I was playing with my spl meter and since nobody is home, I figured I'd see how loud my setup is. Listening to Led Zeppelin's Coda, I can get between 100 and 105 in two channel.

What sort of levels can others get? List equipment, source material, room size, etc.

In my truck, I can't get a max level, it maxes out my meter at 126dB at half volume.:hsd::hush::bigsmile:


----------



## Sonnie (Apr 11, 2006)

I believe it was 126db on WOTW with everything running.

Rodny was there... he may remember better than I.


----------



## yourgrandma (Oct 29, 2007)

Maxed out the meter, or do you have a different model?

I saw a couple instances of 112dB watching the first battle sequence in 300. That movie is mixed sort of oddly though, I'm going to find a better one. I have the house to myself until the third, so I'm taking advantage.


----------



## Sonnie (Apr 11, 2006)

I have a couple of RS meters, but we were using the Galaxy CM-140, which is what I use most of the time for SPL.


----------



## atledreier (Mar 2, 2007)

I've hit 114dB uncorrected on the RS meter when watching movies.

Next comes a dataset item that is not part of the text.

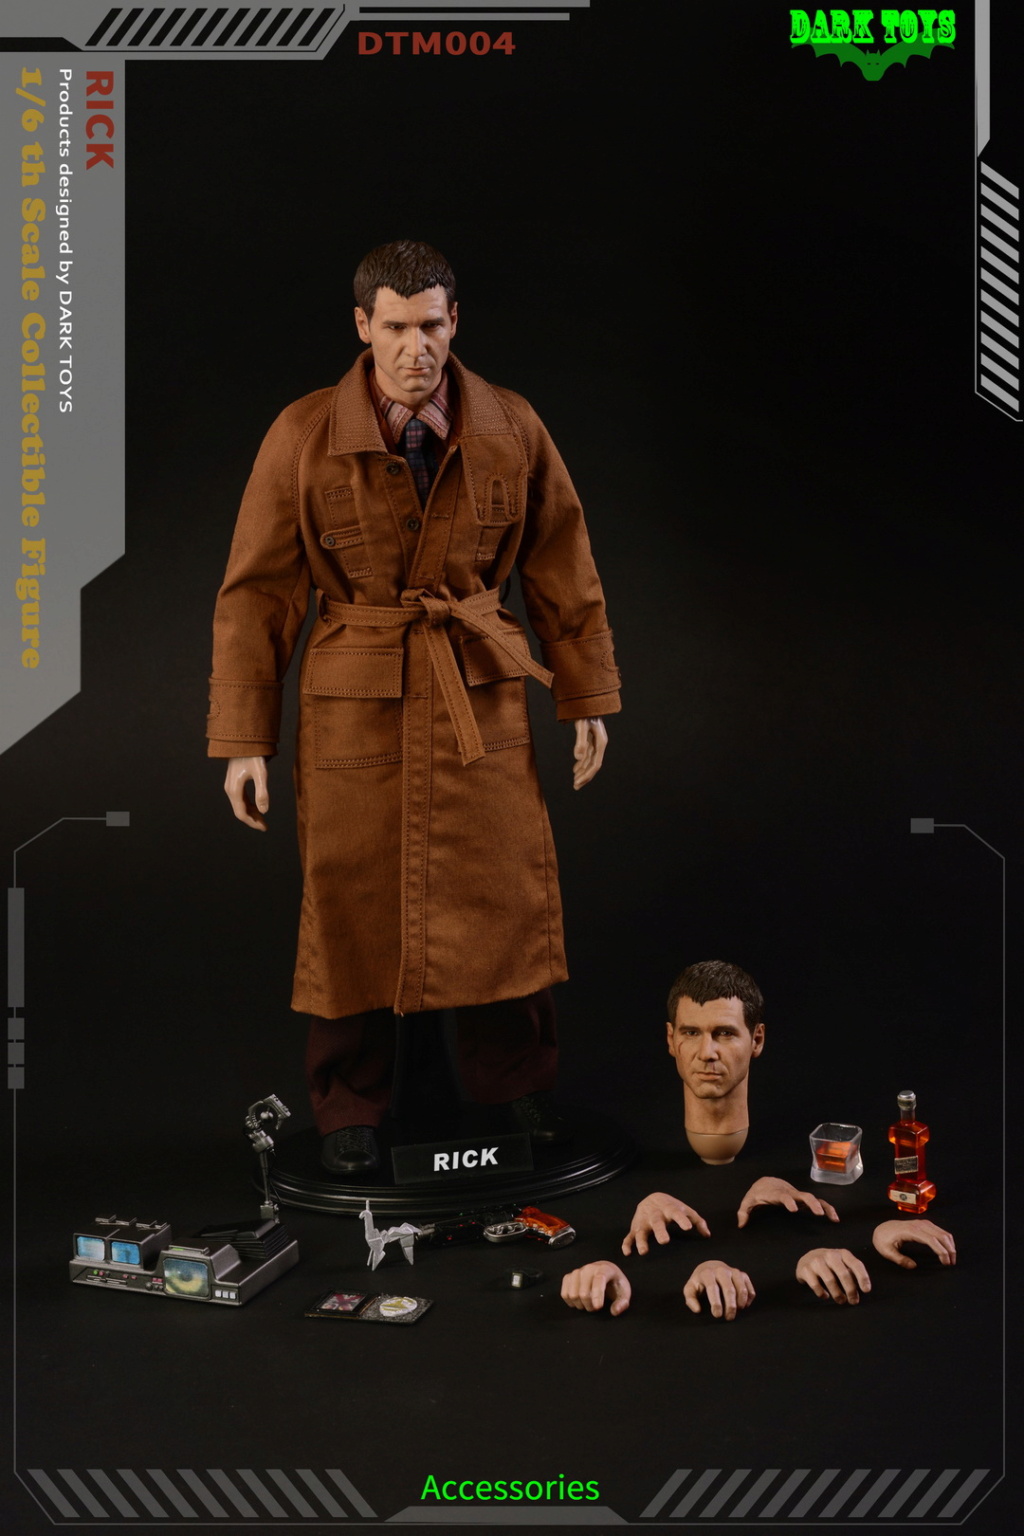 NEW PRODUCT: Dark Toys: 1/6 Blade Runner Rick Luxury Set Action Figure #DTM004 10315

Usually for music I end up at around 100dB peaks when playing fairly loud.

Nad Master series surround
Dali Euphonia MS4
SVS PB12 plus/2


----------



## Sonnie (Apr 11, 2006)

I found the post in my build thread... it was 125db that I maxed out at.


----------



## yourgrandma (Oct 29, 2007)

That is really loud. I didn't try full volume, I don't know if it's the speakers or the receiver, but if there is a lot of high frequency sound at really high volume levels, the receiver cuts off. I wanted to avoid that, so naturally I didn't push it to that point, but now I must, for the sake of science, take a measurement at full volume. I'll post back in moments with the result.


----------



## yourgrandma (Oct 29, 2007)

Dire Straits "Money for Nothin'" : 110dB Volume level: +3dB on my Denon 3803

System of a Down "BYOB" 115dB Volume level +3

GWAR "Anti-Anti Christ" 112dB I lost a speaker on the last one. It fell off its stand. Appears to be fine. It fell onto my bed. Moving around the room to places where the bass isn't completely nulled out results in readings of 118-121dB. I'm interested to see what I'll get if I ever do any trapping...


----------